I really wanted this to be a meaningful result, because it would have been both highly useful and extremely funny, on top of the idea that VC will be the last human job already being extremely funny.
Alas, no. As one would expect, temporal contamination breaks any comparison to human baselines. You might be able to anonymize a potential investment from 2015 such that the LLM doesn’t know which company it is, but if you know what the world looks like in 2020 and 2024, that gives you an overwhelming advantage. So we can’t use this for any real purposes. Which again, is a shame, because it would have been very funny.
There is a new high score in ARC-AGI, using Grok 4 and multi-agent collaboration with evolutionary test-time compute. I don’t see an explanation for why Grok 4 was the best LLM for the job, but either way congrats to Jeremy Burman for an excellent scaffolding job.
Choose Your Fighter
Sully’s coding verdict is Opus for design and taste, GPT-5 for complicated and confusing code, Gemini for neither. That makes sense, except I don’t see why you’d bother with Gemini.
Liron Shapira reports radically increased coding productivity from Claude Code. Note that most reports about Claude Code or Codex don’t involve having compared them to each other, but it is clear that many see either or both as radically raising productivity.
Claude is the king of multi-user-AI chat social skills. What else does this indicate?
Her follow-up post has lots of good detail.
A reminder that benchmarks are useful, but ultimately bogus:
Looking at innovation highlights that fast following is a lot harder than innovation. It is a lot easier to create r1 once OpenAI has already showed us o1, even if you don’t do distillation, reverse engineering or anything similar you have a proof of concept to work from and know where to look. If I match your offerings roughly 8 months later, I am a lot more than 8 months behind in terms of who will first get to a new target.
The obvious other metric is actual revenue or usage, which is hard to fake or game. Sriram Krishnan suggested we should use tokens generated, but I think a much better metric here is dollars charged to customers.
Get My Agent On The Line
Will you soon have an AI agent to handle increasingly large and important aspects of your finances? Yes. Even if you never let the AI transact for you directly, it can automate quite a lot of drudgery, including a bunch of work you ‘really should be’ doing but don’t, such as going over everything periodically to look for erroneous charges, missed opportunities, necessary rebalances, ensuring balances necessary to meet expenses and so on.

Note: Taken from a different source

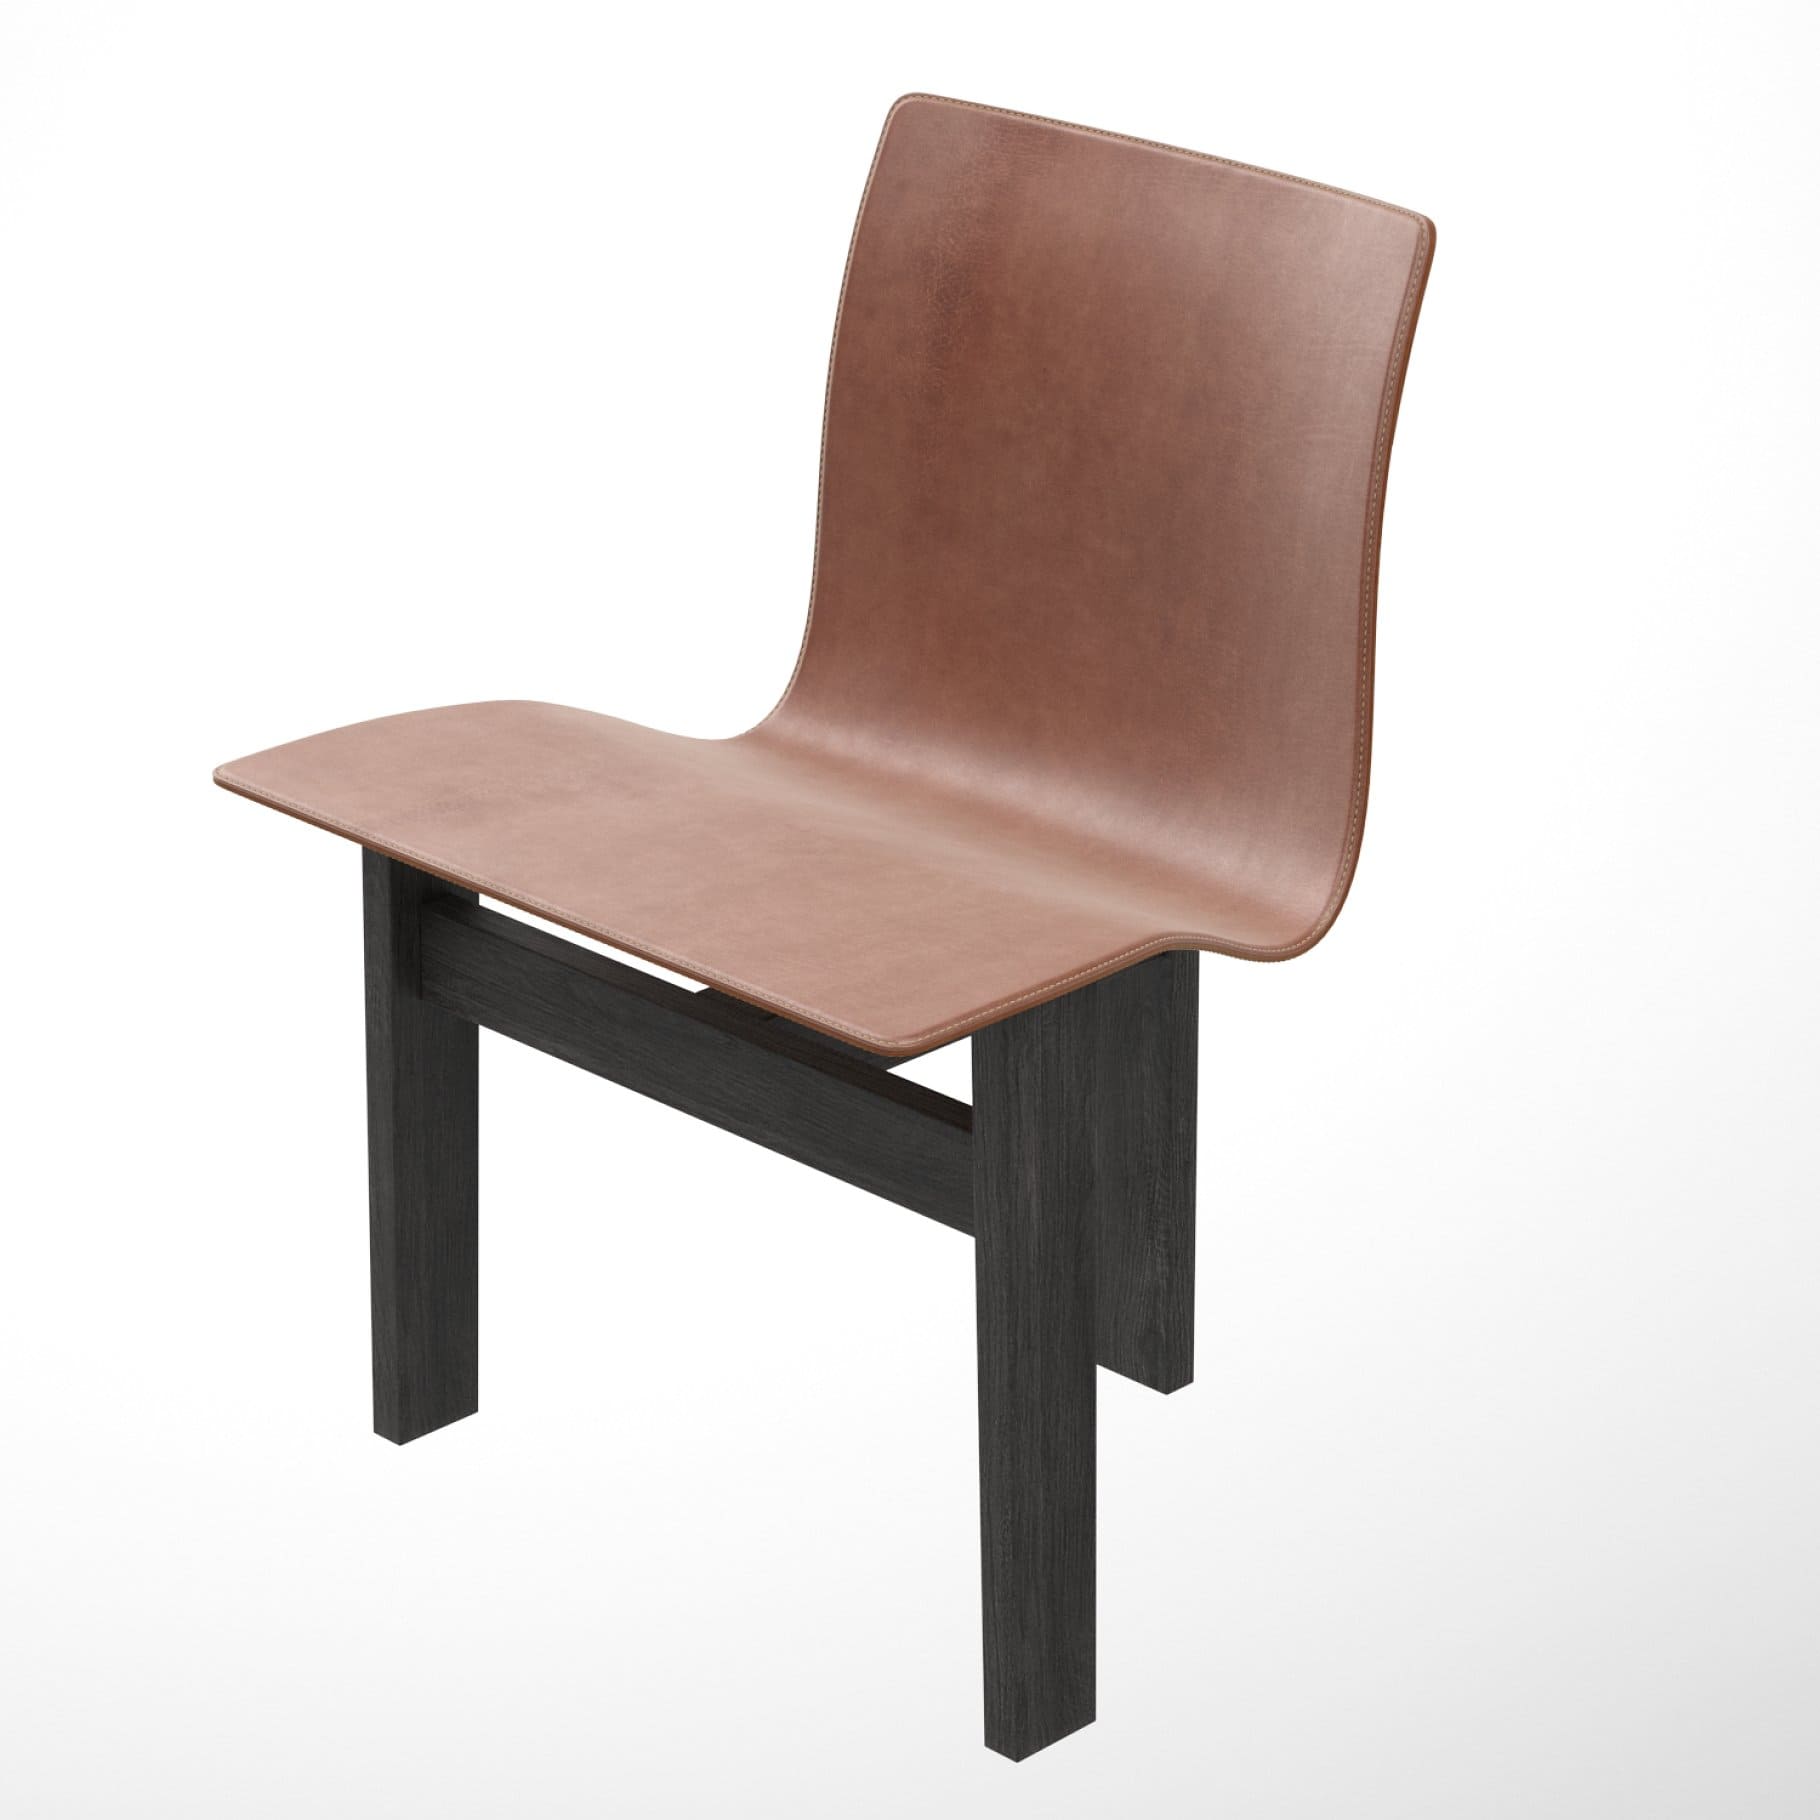 Angled side view of Tre 3 wooden chair with curved back.

Workday (the company) bets on AI agents for human resources and finance.
Antisocial Media
Copyright Confrontation
OpenAI continues not to say where it got Sora’s training data. Kevin Schaul and Nitasha Tiku at the Washington Post did the latest instance of the usual thing of showing it can recreate a wide variety of existing sources using only basic prompts like ‘universal studio intro’ or ‘trailer of a TV show on a Wednesday.’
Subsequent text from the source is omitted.